*Task description*
Under this line is a listing; return exactly the lines starting at the one with "Рис. 4. Требуемый" and running down to the one with "SCIET past lives", and leave out its pictures.

*Given records*
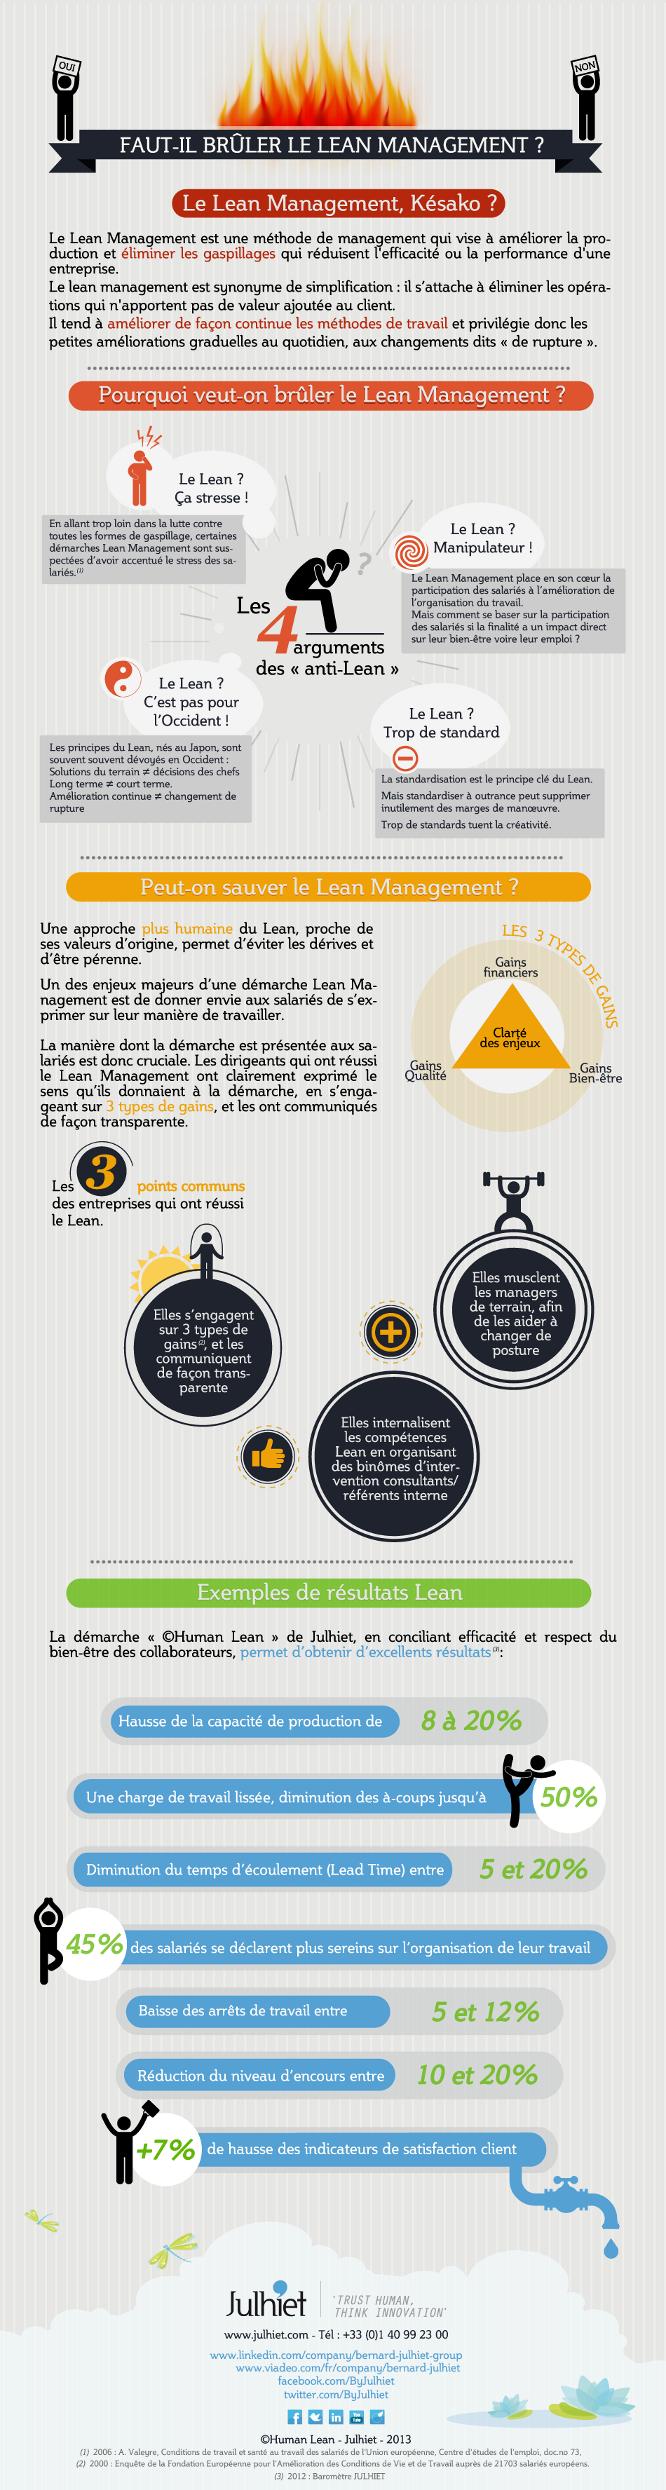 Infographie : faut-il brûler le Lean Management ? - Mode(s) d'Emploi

--

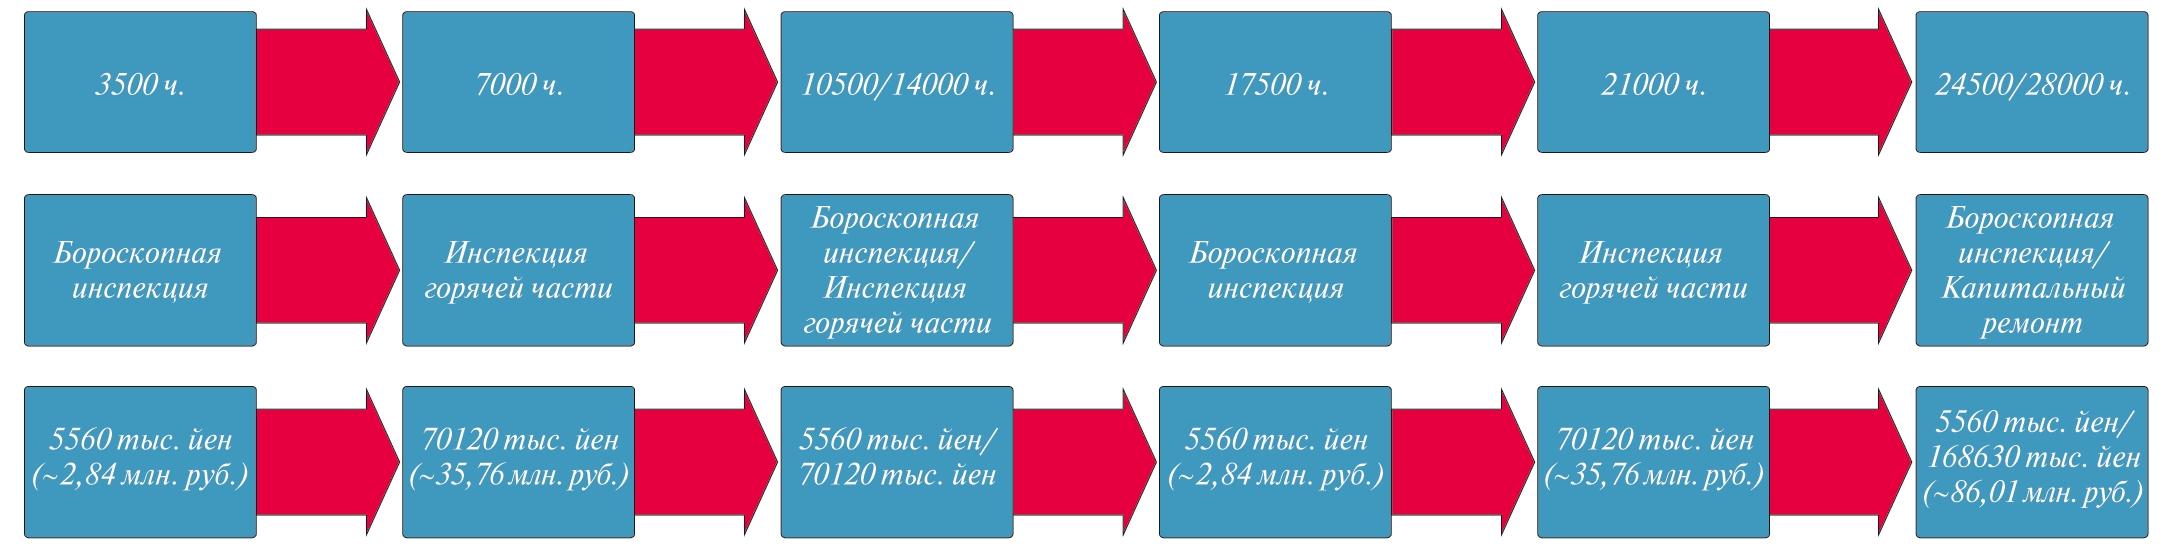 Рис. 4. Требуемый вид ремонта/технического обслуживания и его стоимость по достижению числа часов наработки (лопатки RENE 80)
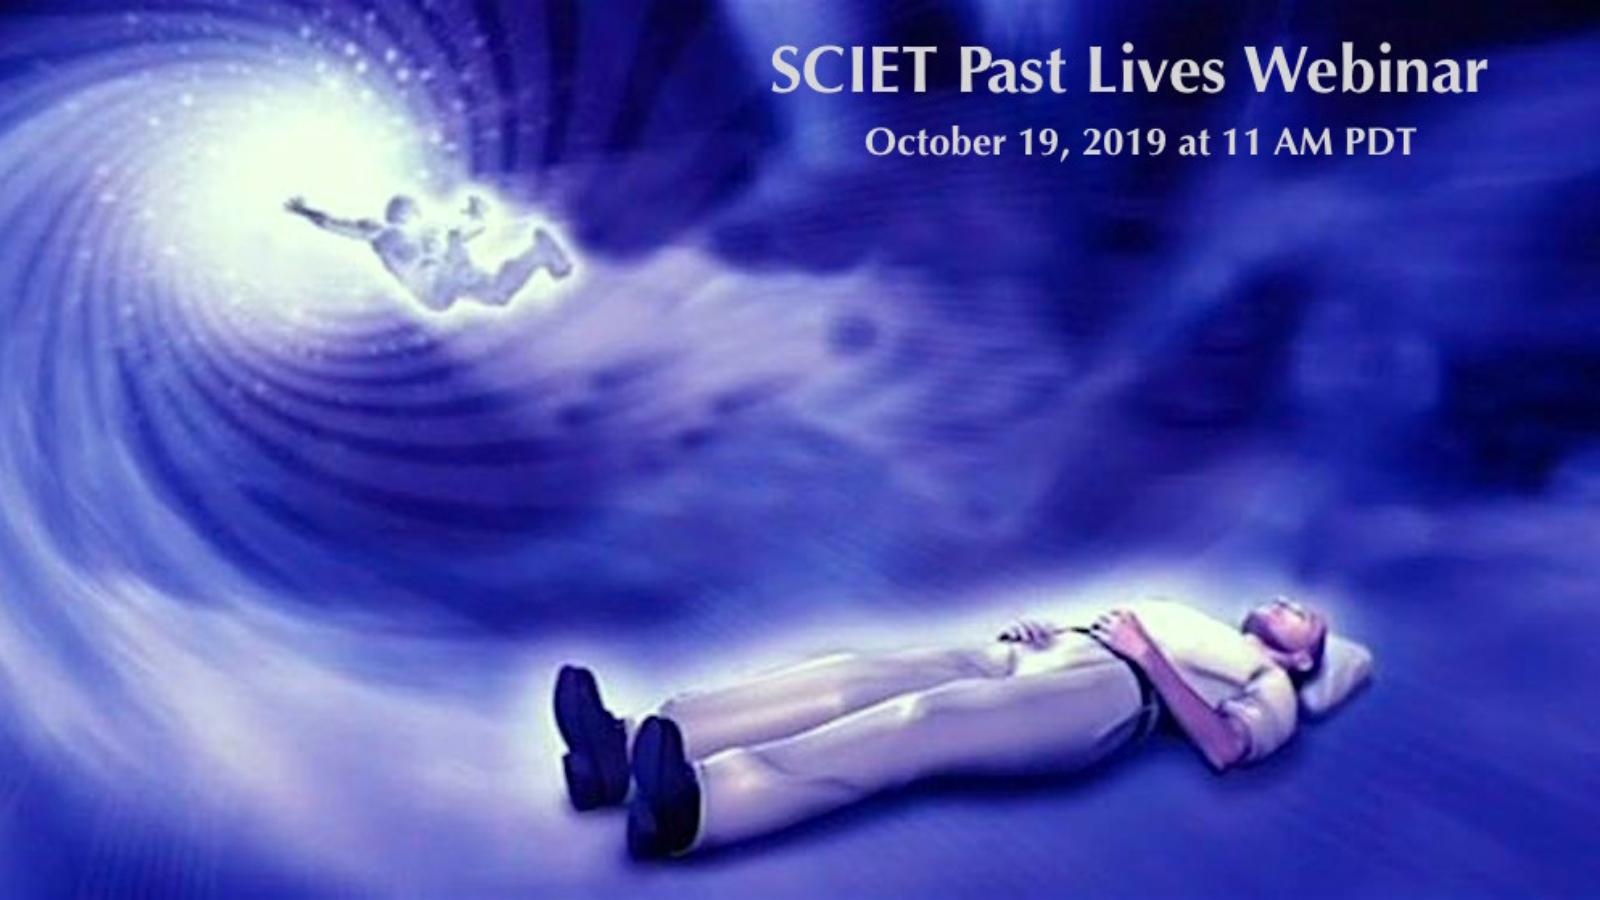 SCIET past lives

*Solution below*
 Рис. 4. Требуемый вид ремонта/технического обслуживания и его стоимость по достижению числа часов наработки (лопатки RENE 80)
 SCIET past lives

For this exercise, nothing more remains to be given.